* _About this exercise_: Only one part of the listing is needed: the lines from the one with "Beauty - Canvas print - Office" through the last line, copied exactly and free of pictures.

[[ Stored data open ]]

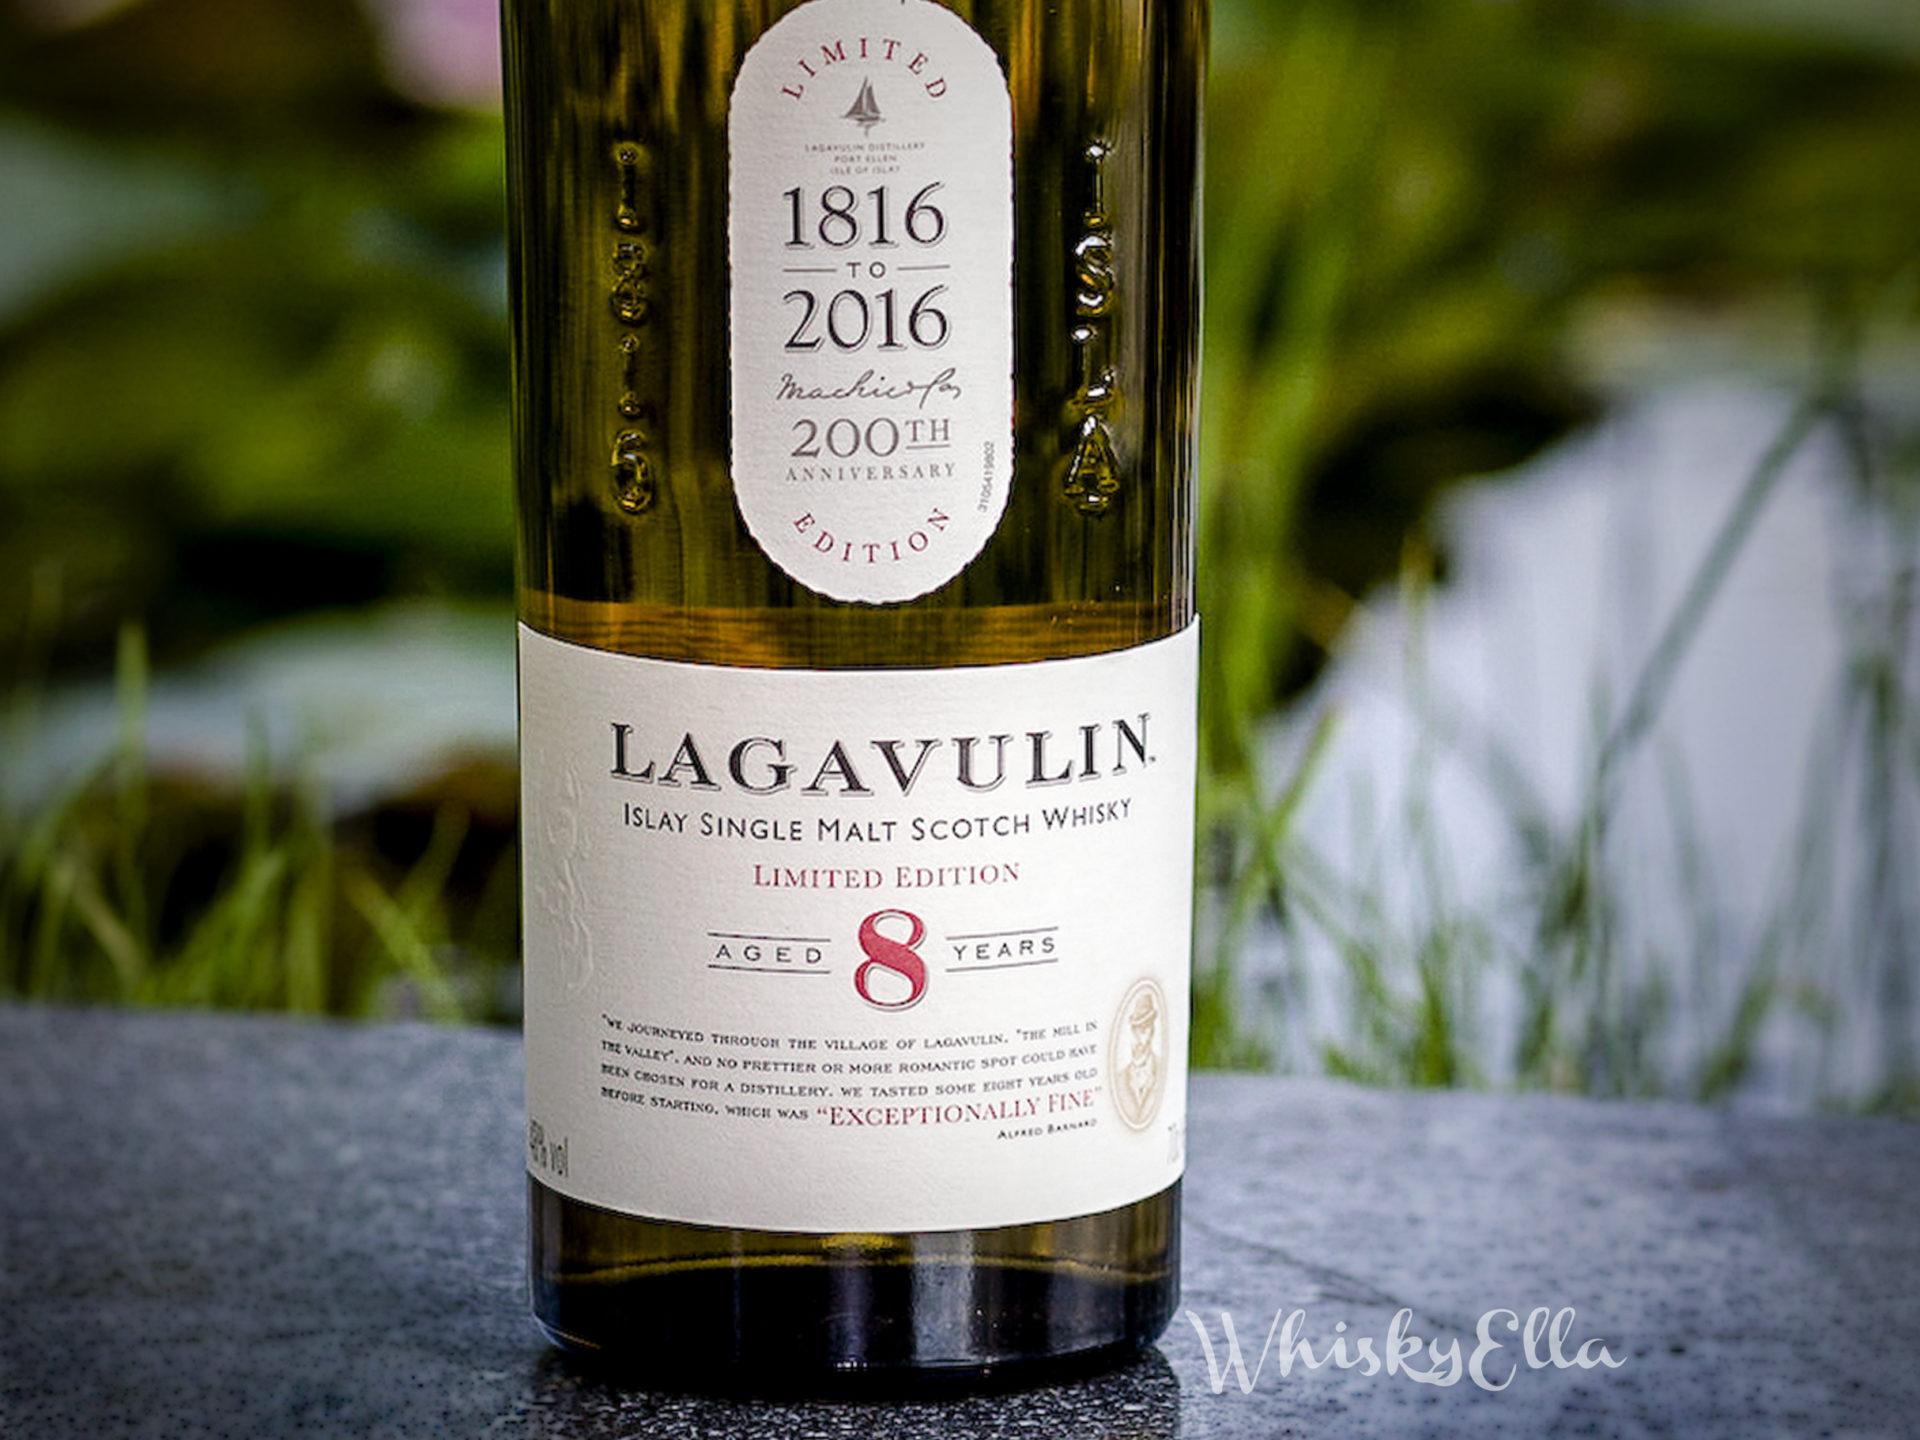 Nasza recenzja Lagavulin 8 yo 200 TH Anniversary #18
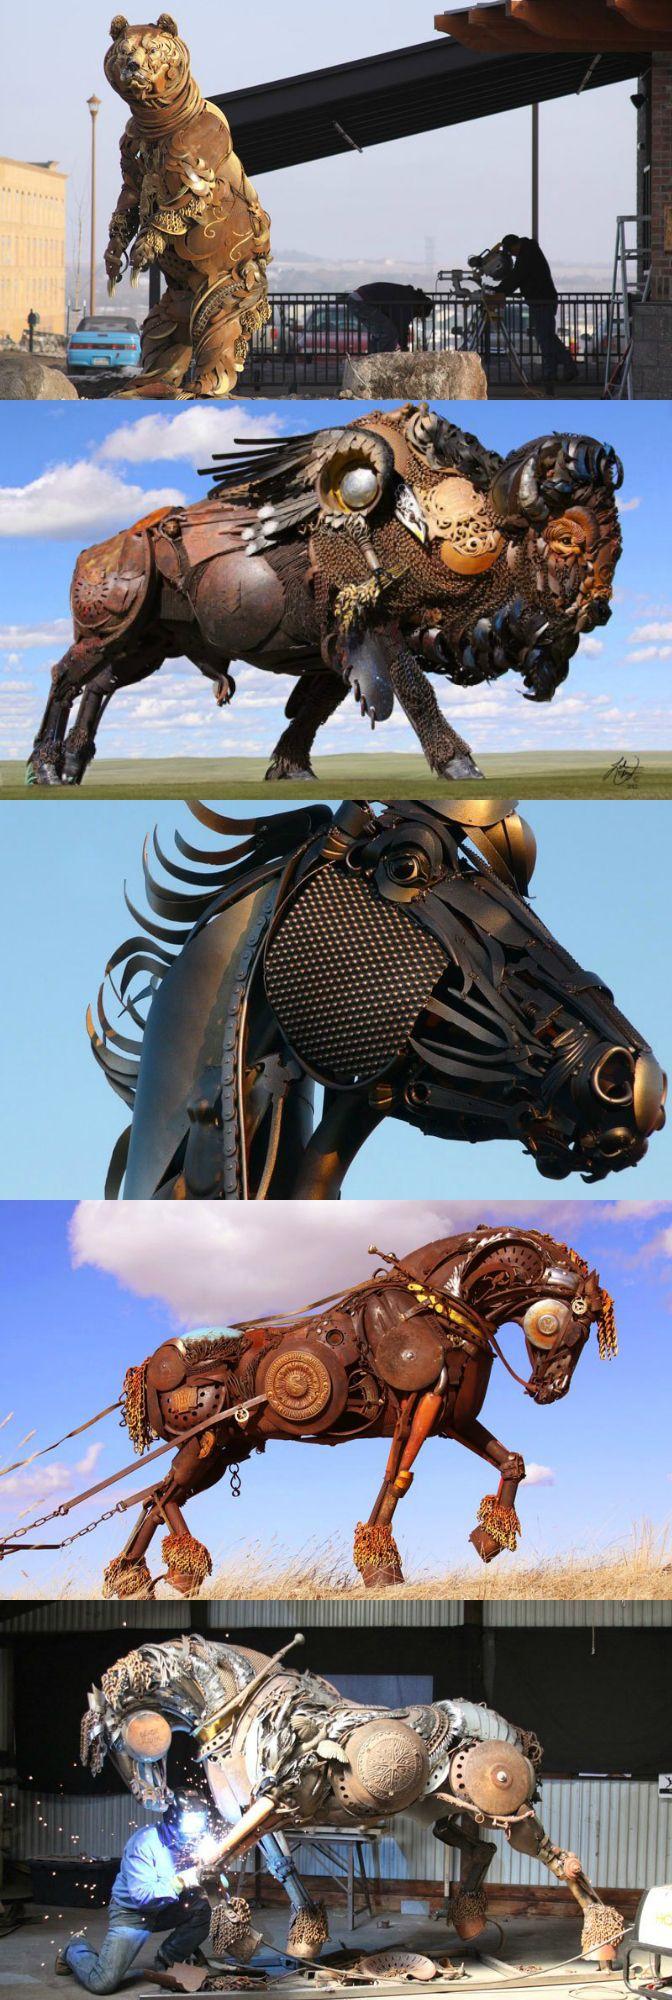 The Incredible Scrap Metal Animal #Sculptures of John Lopez
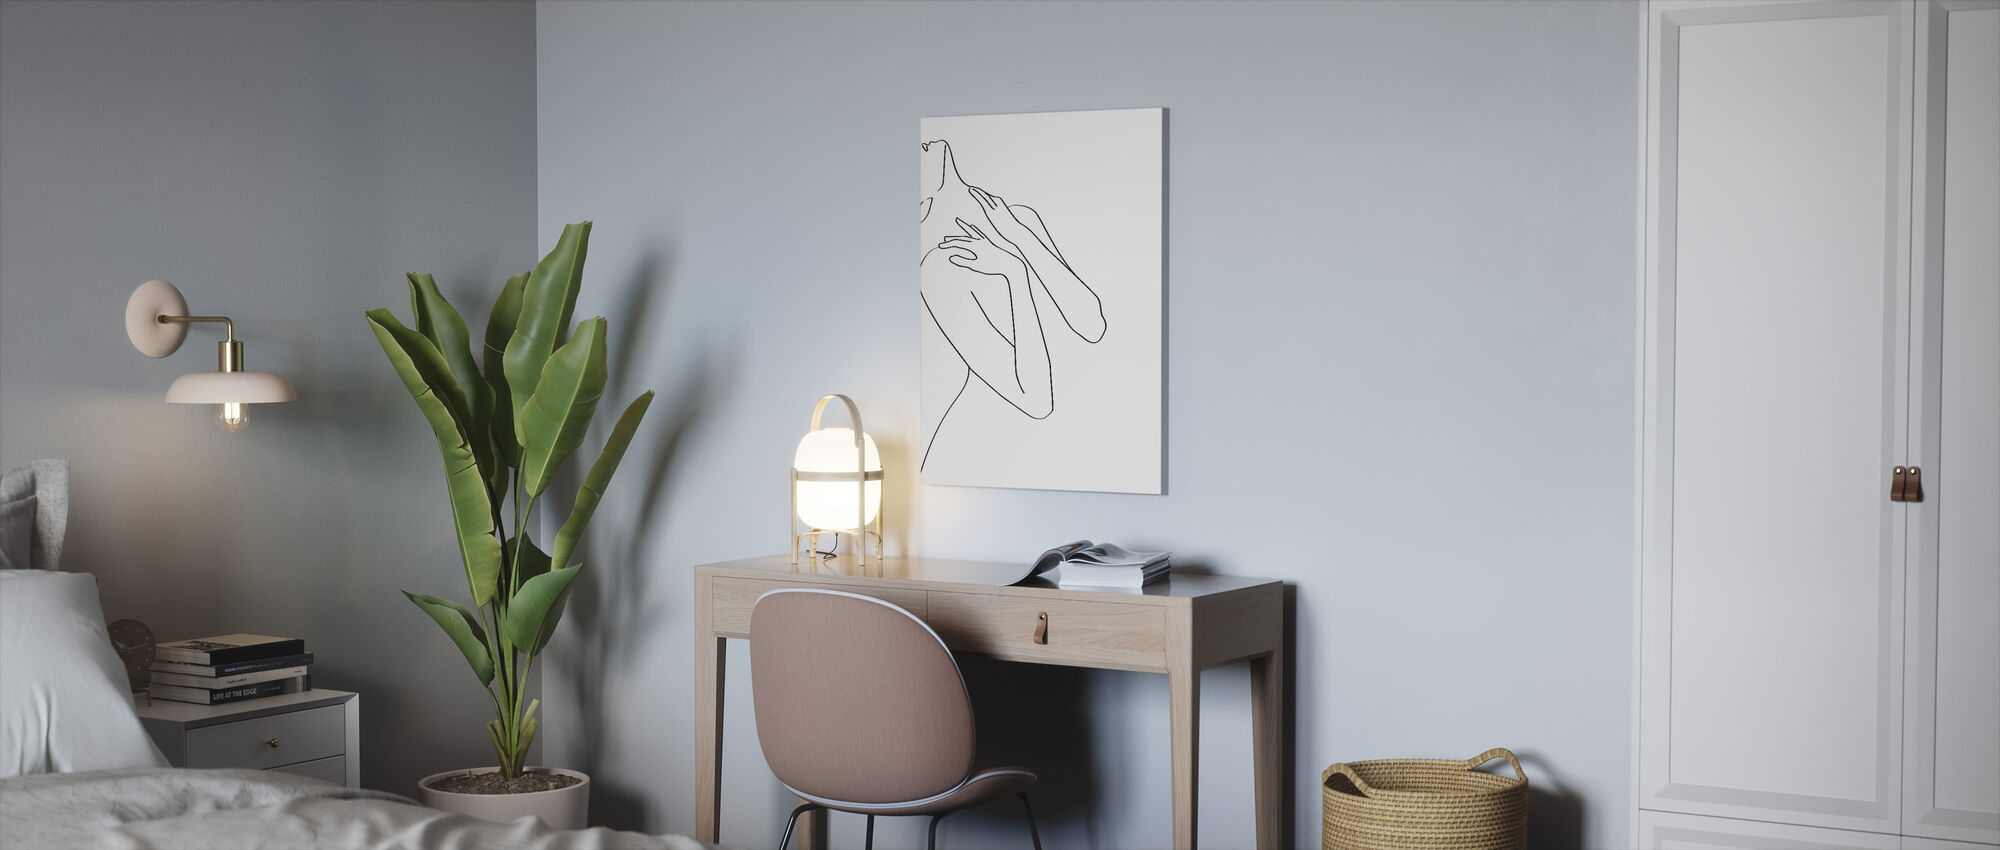 Beauty - Canvas print - Office
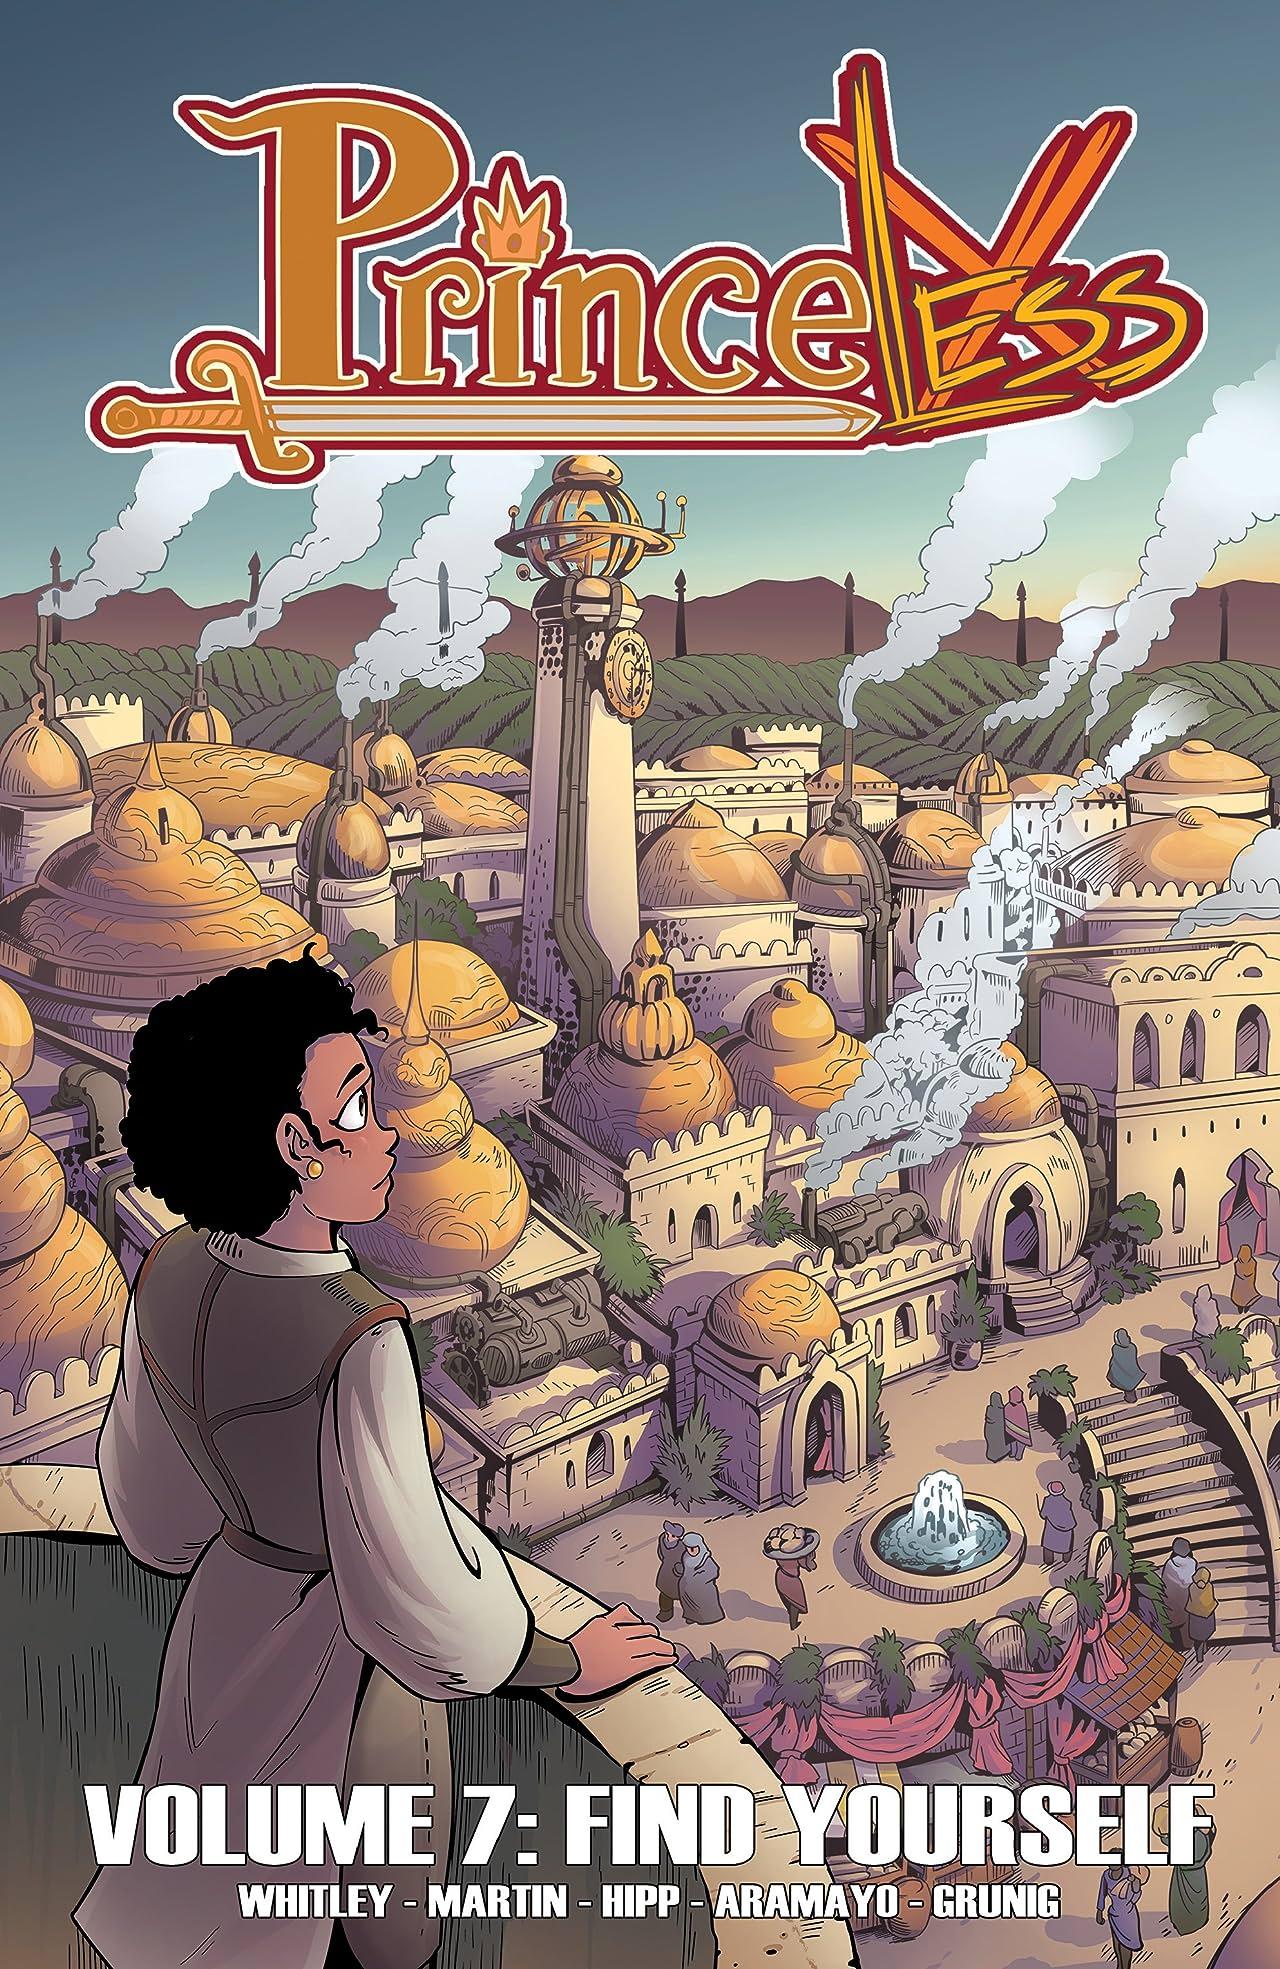 Princeless: Book 7 - Find Yourself

[[ Stored data closed ]]

* _Problem solution_:
 Beauty - Canvas print - Office
 Princeless: Book 7 - Find Yourself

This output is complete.